First, we will use the method that we find in [Lagaris et al](https://arxiv.org/pdf/physics/9705023.pdf).
Instead of using stochastic optimization, they use a lot of points to estimate the loss integral (We will use 100) and then they just do gradient-based optimization (We will do BFGS).

In [None]:
# Optimize (same algorithm as in Lagaris)
optimizer = torch.optim.LBFGS(N.parameters())

# The collocation points used by Lagaris
x = torch.Tensor(np.linspace(0, 2, 100)[:, None])

# Run the optimizer
def closure():
    optimizer.zero_grad()
    l = loss(x)
    l.backward()
    return l
    
for i in range(10):
    optimizer.step(closure)

# Let's compare the result to the true solution
xx = np.linspace(0, 2, 100)[:, None]
with torch.no_grad():
    yy = Psi_t(torch.Tensor(xx)).numpy()
yt = np.exp(-xx / 5.0) * np.sin(xx)

fig, ax = plt.subplots(dpi=100)
ax.plot(xx, yt, label='True')
ax.plot(xx, yy, '--', label='Neural network approximation')
ax.set_xlabel('$x$')
ax.set_ylabel('$\Psi(x)$')
plt.legend(loc='best');

Now, let's use stochastic gradient descent to minimize the loss integral.

In [None]:
# We need to reinitialize the network
N = nn.Sequential(nn.Linear(1, 50), nn.Sigmoid(), nn.Linear(50,1, bias=False))

# Let's see now if a stochastic optimizer makes a difference
adam = torch.optim.Adam(N.parameters(), lr=0.01)

# The batch size you want to use (how many points to use per iteration)
n_batch = 5

# The maximum number of iterations to do
max_it = 1000

for i in range(max_it):
    # Randomly pick n_batch random x's:
    x = 2 * torch.rand(n_batch, 1)
    # Zero-out the gradient buffers
    adam.zero_grad()
    # Evaluate the loss
    l = loss(x)
    # Calculate the gradients
    l.backward()
    # Update the network
    adam.step()
    # Print the iteration number
    if i % 100 == 99:
        print(i+1)

In [None]:
# Let's compare the result to the true solution
xx = np.linspace(0, 2, 100)[:, None]
with torch.no_grad():
    yy = Psi_t(torch.Tensor(xx)).numpy()
yt = np.exp(-xx / 5.0) * np.sin(xx)

fig, ax = plt.subplots(dpi=100)
ax.plot(xx, yt, label='True')
ax.plot(xx, yy, '--', label='Neural network approximation')
ax.set_xlabel('$x$')
ax.set_ylabel('$\Psi(x)$')
plt.legend(loc='best');

### Questions

+ Change `n_batch` to just 1. Does the algorithm work?

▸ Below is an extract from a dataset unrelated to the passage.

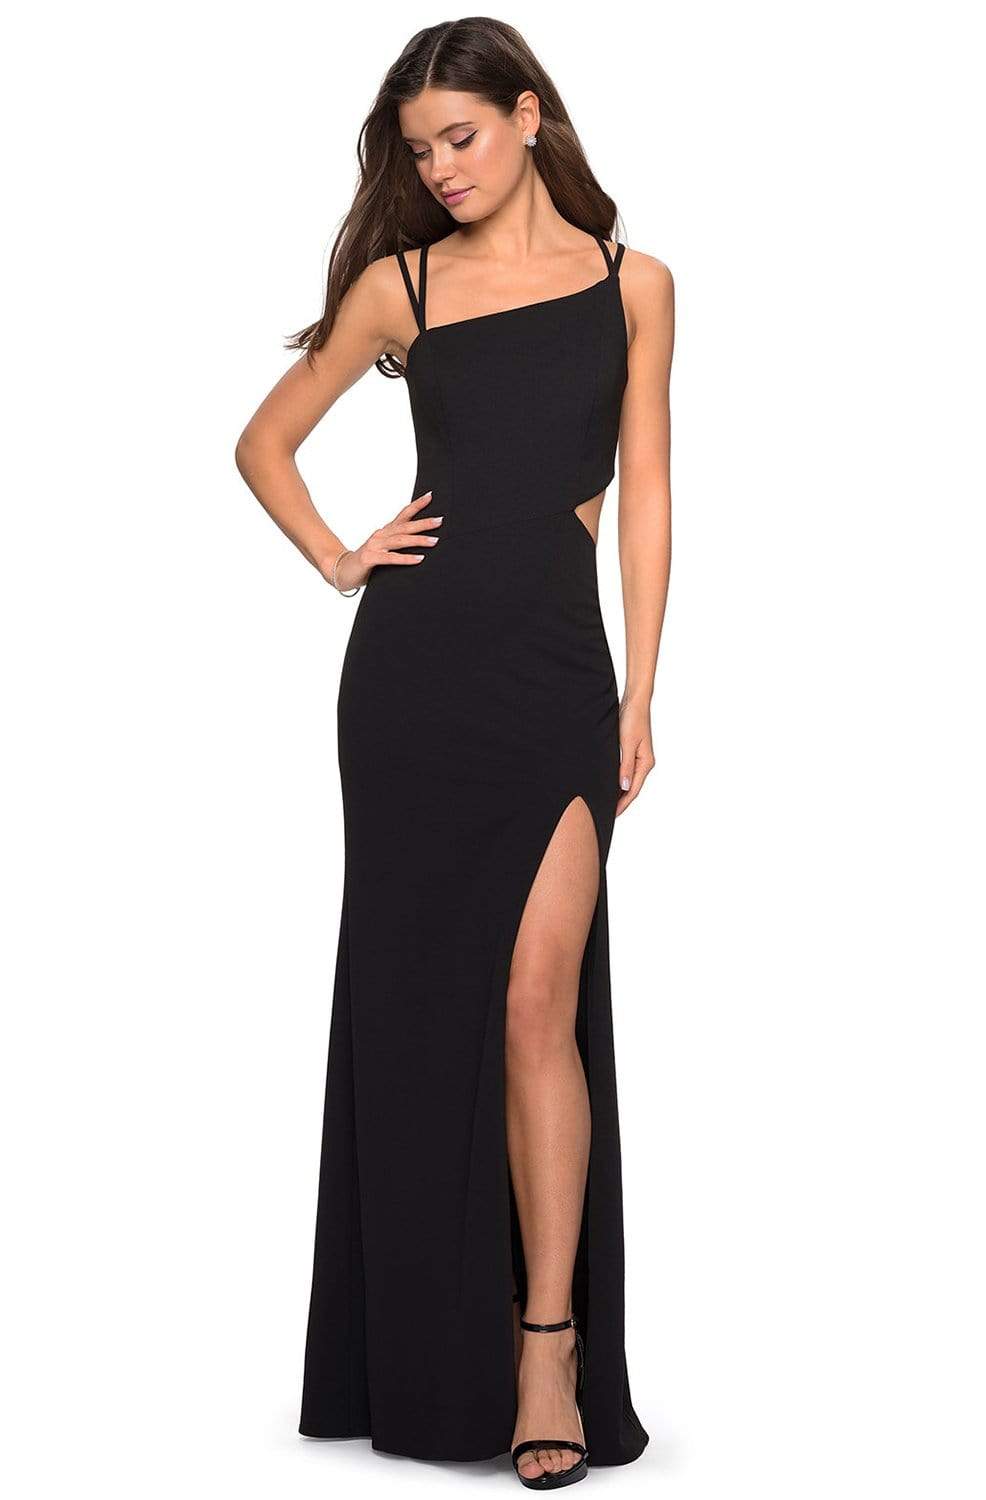 Image of La Femme - 27126 Asymmetrical Neckline Strappy Jersey Evening Dress
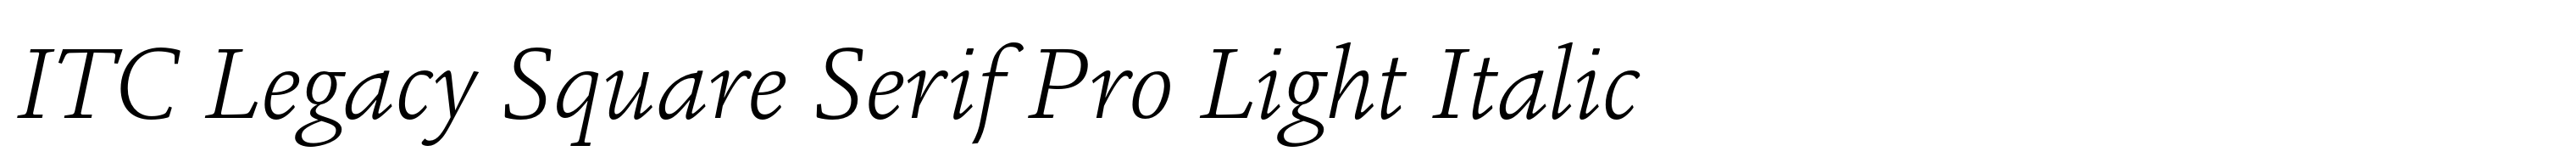 ITC Legacy Square Serif Pro Light Italic

Did you have to increase the iterations to achieve the same accuracy?
+ Modify the code, so that you now solve the problem for $x$ between 0 and 5. Play with the `n_batch` and `max_it` until you get a good solution.

## Example 2: Deformation of a compressible neo-Hookean material

+ Consider a neo-Hookean square body defined on $(x,y) \in [0,1]^2$. Let $u(x,y)$ describe the displacement field for this body. This body is subjected to the following displacement boundary conditions:
$$
u_x(0,y) = 0,
$$
$$
u_y(0,y) = 0,
$$
$$
u_x(1,y) = \delta,
$$
$$
u_y(1,y) = 0,
$$
with $\delta$ referring to the applied displacement along the x-direction.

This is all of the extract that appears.